Comunità microbiche criosferiche per decontaminare l’Artico

Le ampie distese ghiacciate della Groenlandia, così distanti da città, traffico e attività industriali,  potrebbero apparire ai nostri occhi come luoghi incontaminati e privi di inquinamento. Al contrario di quanto comunemente si può pensare, l’Artico e i suoi ghiacci sono diventati un serbatoio di inquinanti, che si sono lentamente accumulati dal 1850 ad oggi.  Le sostanti inquinanti, infatti, possono viaggiare in atmosfera anche per lunghe distanze, depositarsi e accumularsi anche in luoghi molto lontani da quelli di origine. E’ proprio per questo motivo che nelle piattaforme ghiacciate della Groenlandia troviamo mercurio, piombo, policlorodifenili  (PAH) e idrocarburi policiclici aromatici (PCB), che oggi vengono rilasciati nel mare attraverso lo scioglimento dei ghiacci dovuto al riscaldamento globale. Così i ghiacciai stanno diventando fonti secondarie di inquinanti. E questo vale per tutti i ghiacciai, non solo quelli groenlandesi. Un gruppo di ricercatori danesi ha recentemente pubblicato sulla rivista Environmental Research Letters un nuovo studio, in cui si dimostra che  i batteri  presenti nel ghiaccio possono resistere e degradare contaminanti come il mercurio, il piombo, PCB e molti altri. Lo studio è stato condotto sui ghiacci groenlandesi, analizzando le comunità microbiche presenti nelle acque di fusione dei ghiacciai.

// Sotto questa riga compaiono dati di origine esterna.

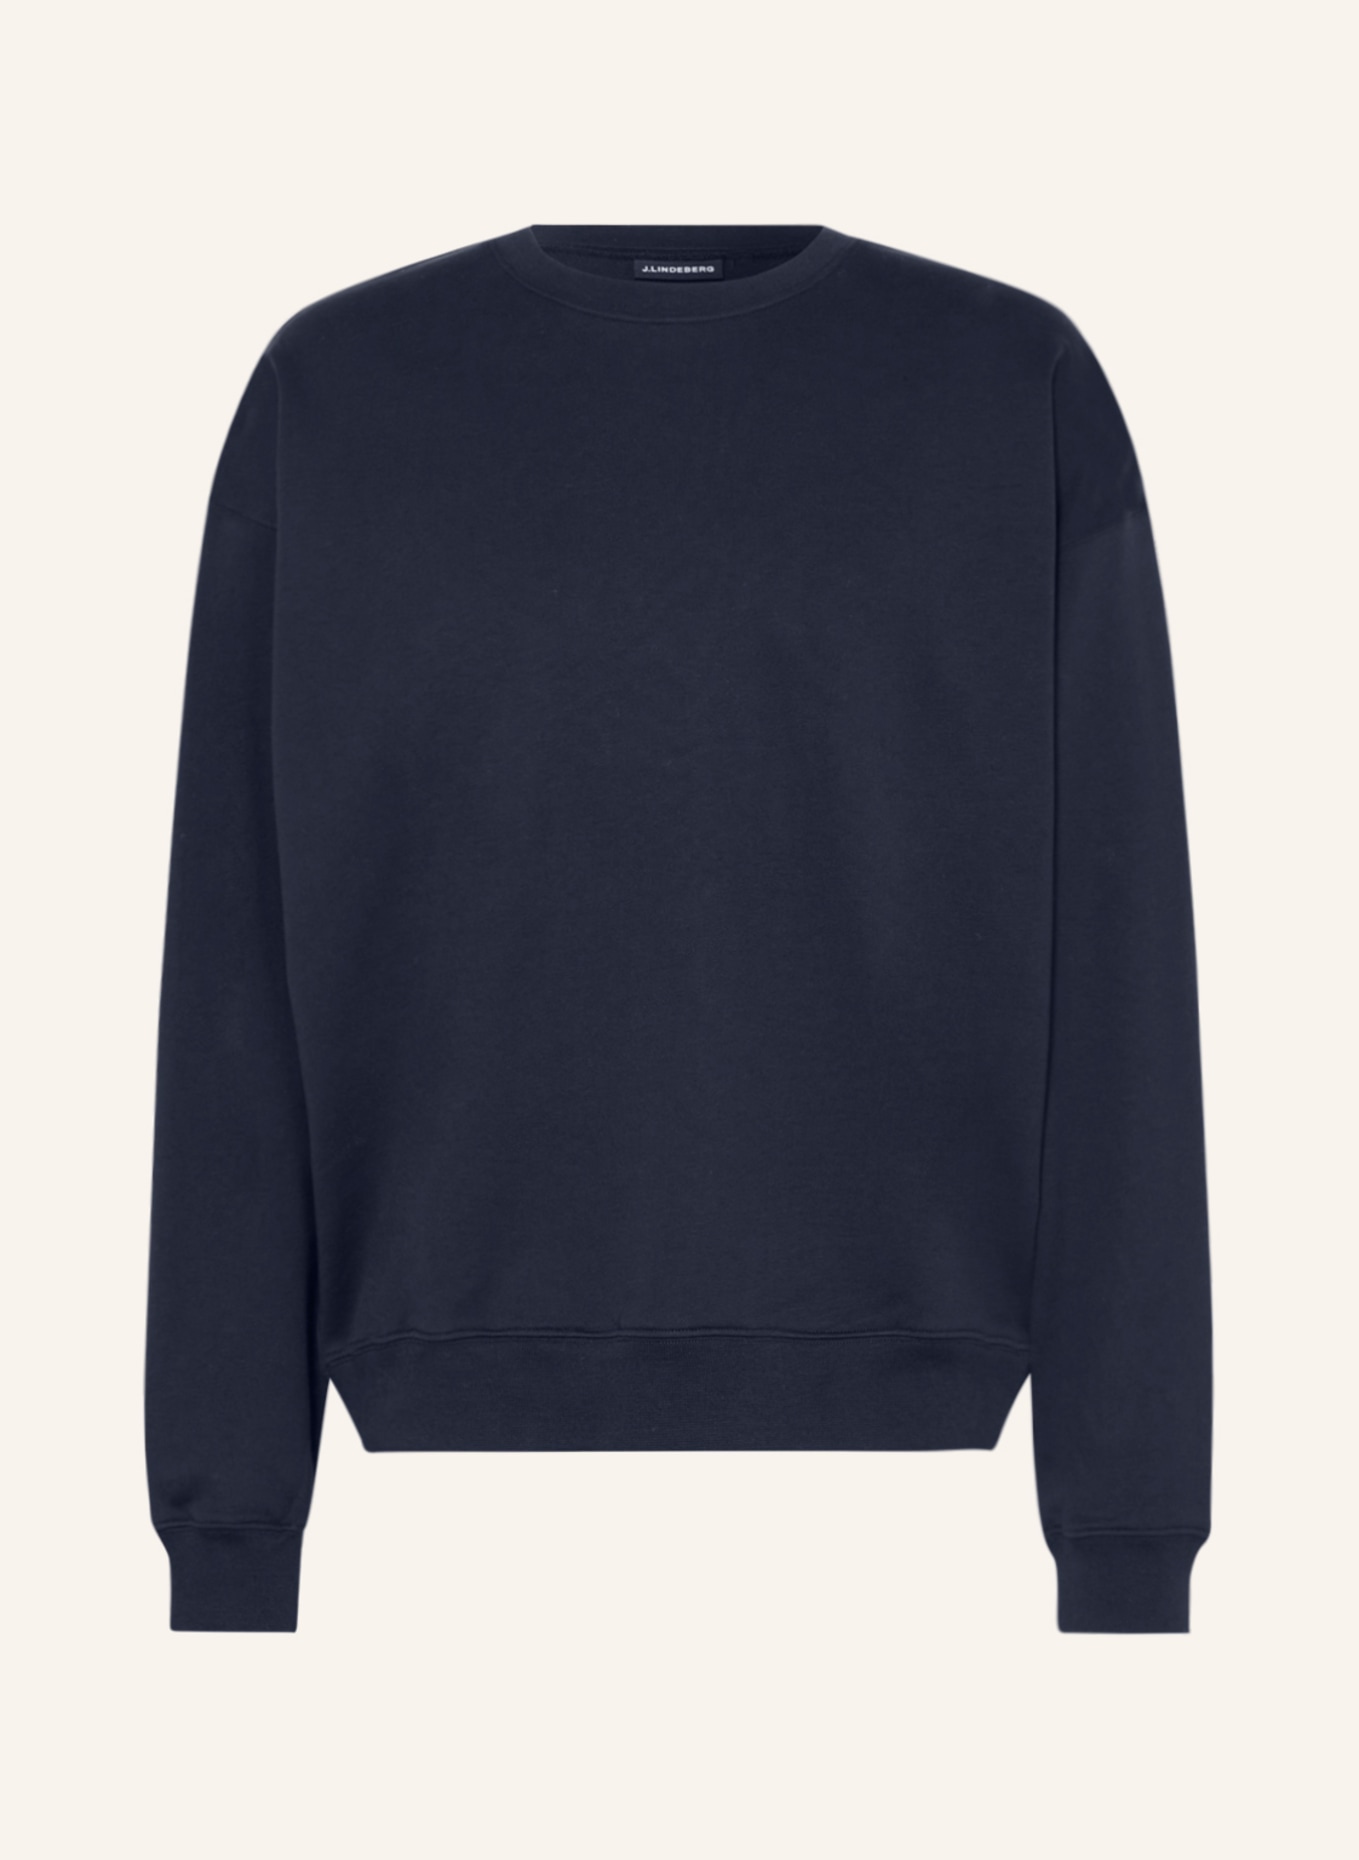 J.LINDEBERG Oversized-Sweatshirt, Farbe: DUNKELBLAU (Bild 1)

I risultati indicano che le comunità microbiche criosferiche interagiscono con contaminanti antropogenici e potrebbero essere in grado di rimuovere parte dei contaminanti depositati nei ghiacci prima di essere liberati e diffusi negli ecosistemi marini e nelle catene alimentari. Questo studio rappresenta un grande passo avanti nella comprensione dell’interazione tra processi biologici e contaminazione nell’Artico, ambito in cui le conoscenze sono ancora limitate.